Protein simulations have dominated the supercomputing conversation of late as supercomputers around the world race to simulate the viral proteins of COVID-19 as accurately as possible and simulate potential bindings in the hopes of finding a therapeutic to treat the pandemic. Even in many supercomputer-powered protein simulations, however, the computer work is still a stepping stone to lab work, which tends to be more accurate. Now, new work powered by Extreme Science and Engineering Discovery Environment (XSEDE) supercomputers is challenging that, with researchers at Michigan State University producing predictions that rival the most precise lab measurements.

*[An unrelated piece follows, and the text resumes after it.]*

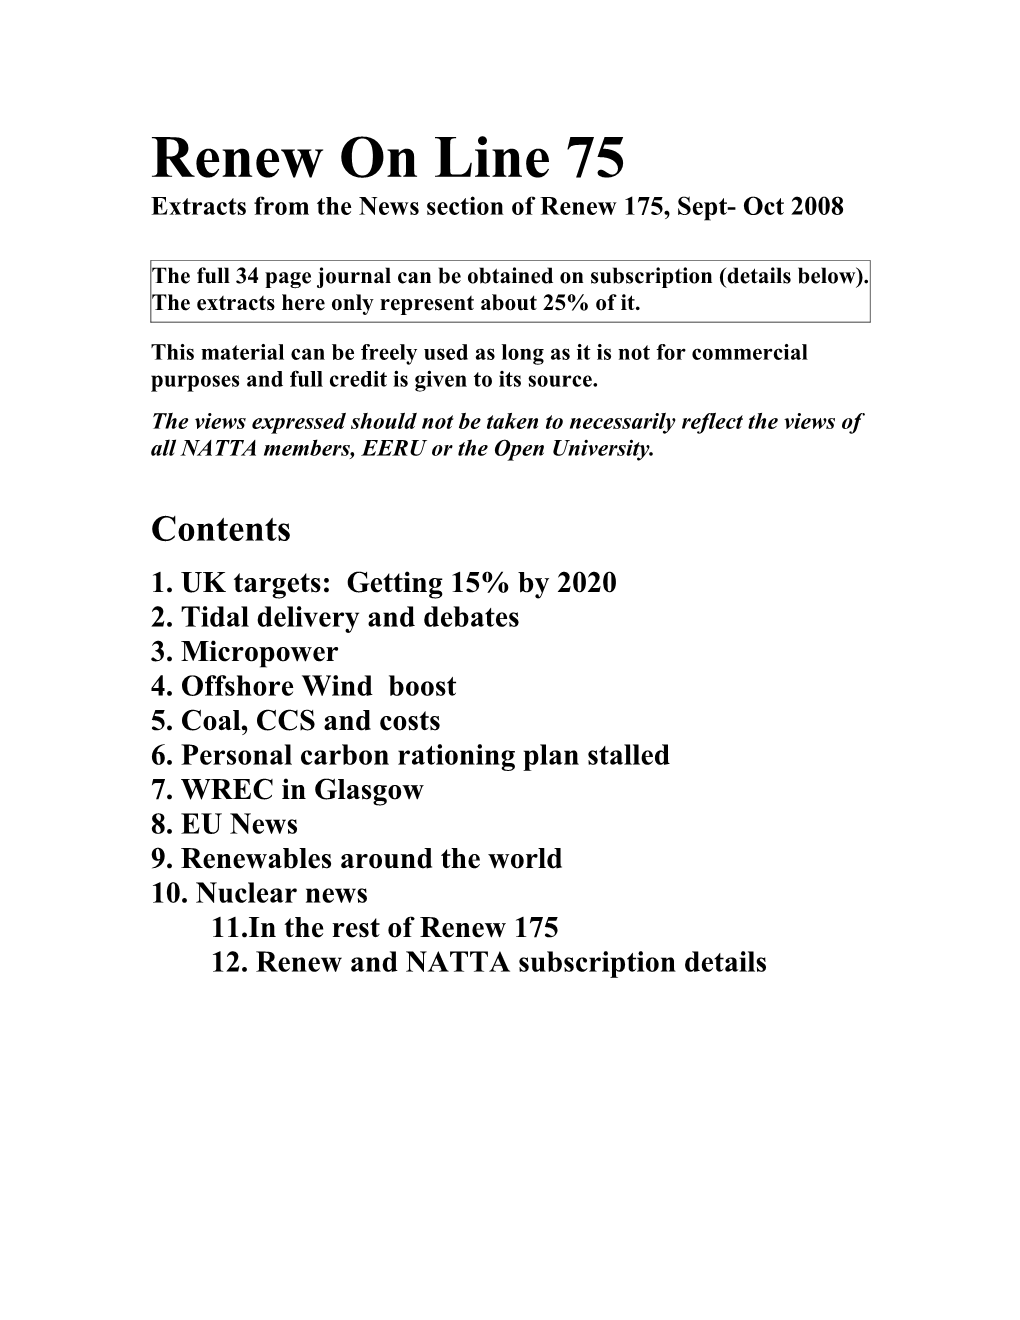 Renew on Line 75

The researchers – Michigan State University’s Lim Heo (a postdoctoral fellow) and Michael Feig (his advisor) used molecular dynamics simulations to refine existing predictions made by other research groups. Many of the protein simulations conducted, it turned out, still had the proteins in forms that exerted unnecessary energy – and thus, did not represent the proteins truly at rest.

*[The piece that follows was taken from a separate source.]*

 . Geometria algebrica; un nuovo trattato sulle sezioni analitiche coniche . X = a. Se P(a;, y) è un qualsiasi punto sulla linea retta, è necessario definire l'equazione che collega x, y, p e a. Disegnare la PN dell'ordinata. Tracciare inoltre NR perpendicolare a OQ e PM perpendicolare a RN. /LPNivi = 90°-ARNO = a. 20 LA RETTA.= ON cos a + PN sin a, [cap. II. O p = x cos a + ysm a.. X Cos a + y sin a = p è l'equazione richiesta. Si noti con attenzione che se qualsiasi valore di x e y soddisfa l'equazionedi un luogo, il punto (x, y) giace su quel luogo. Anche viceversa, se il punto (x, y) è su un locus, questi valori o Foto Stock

“Proteins carry out biological functions. You can measure and analyze those functions, but to really understand them you have to look at the details of how proteins operate,” Feig told XSEDE’s Ken Chiacchia in an interview. “We know a lot of structures from experiments, but haven’t [done this, for example, with] most of the proteins in bacteria. We need to fill the gap by generating models quickly and efficiently.”

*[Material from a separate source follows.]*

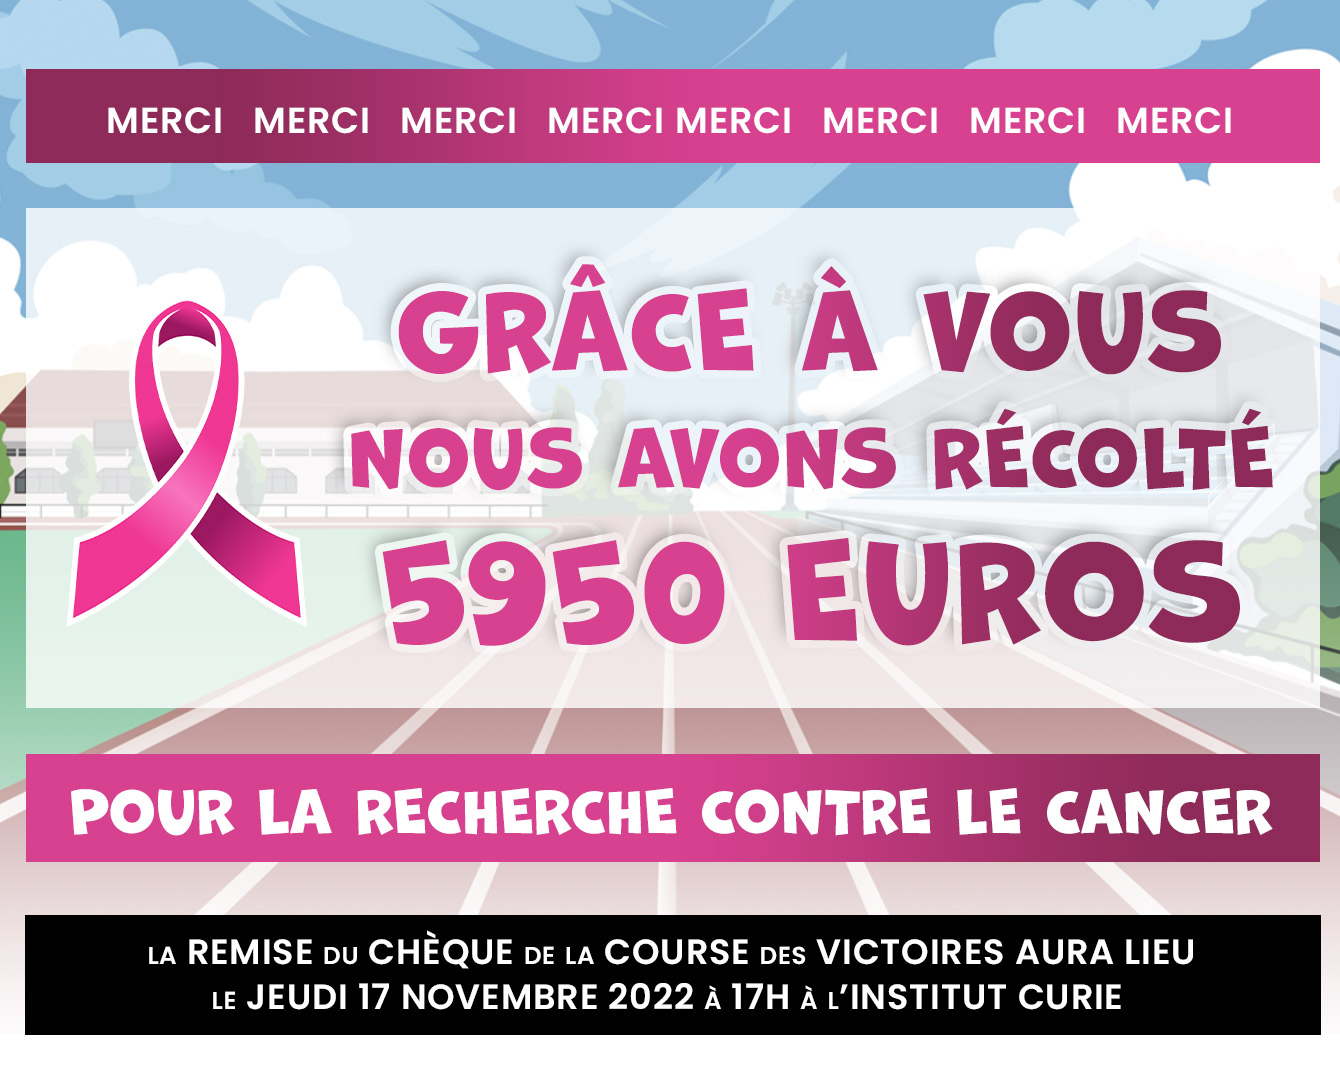 Grâce à vous nous avons récolté 5950 euros pour la recherche contre le cancer

The Michigan State duo took a set of 27 predicted protein structures (generated by researchers at the 13th Critical Assessment of Techniques for Protein Structure Prediction competition in 2018) and used molecular dynamics to simulate those predicted structures over a longer time period, essentially allowing them to settle into their most natural states.
After refining the predicting structures, the researchers found that accuracy had been improved across the board, between three and 30 percent for every structure. On the higher end of this range, the predicted structures came close to the accuracy of x-ray based lab analysis of proteins.
An example of one of the resulting structures (red and blue) superimposed on the laboratory measurement (yellow and pink).
Of course, simulating those protein structures over a long period requires immense computing power. For that, the research team turned to the GPU nodes on a pair of supercomputers allocated through XSEDE: the Pittsburgh Supercomputing Center’s Bridges system, which delivers 1.35 peak petaflops, and the San Diego Supercomputer Center’s Comet system, which delivers 2.76 peak petaflops.
“Our modeling efforts are compute-intensive,” Feig explained. “XSEDE resources provided a significant amount of the resources we need to achieve significant model improvements. In brief, we can improve protein structures more with more computing time. Having access to XSEDE resources in addition to our local resources allowed us to improve structures than what we could have done otherwise.”
Next, the researchers are aiming to optimize their simulations in order to run them for longer simulated periods to increase the accuracy even more.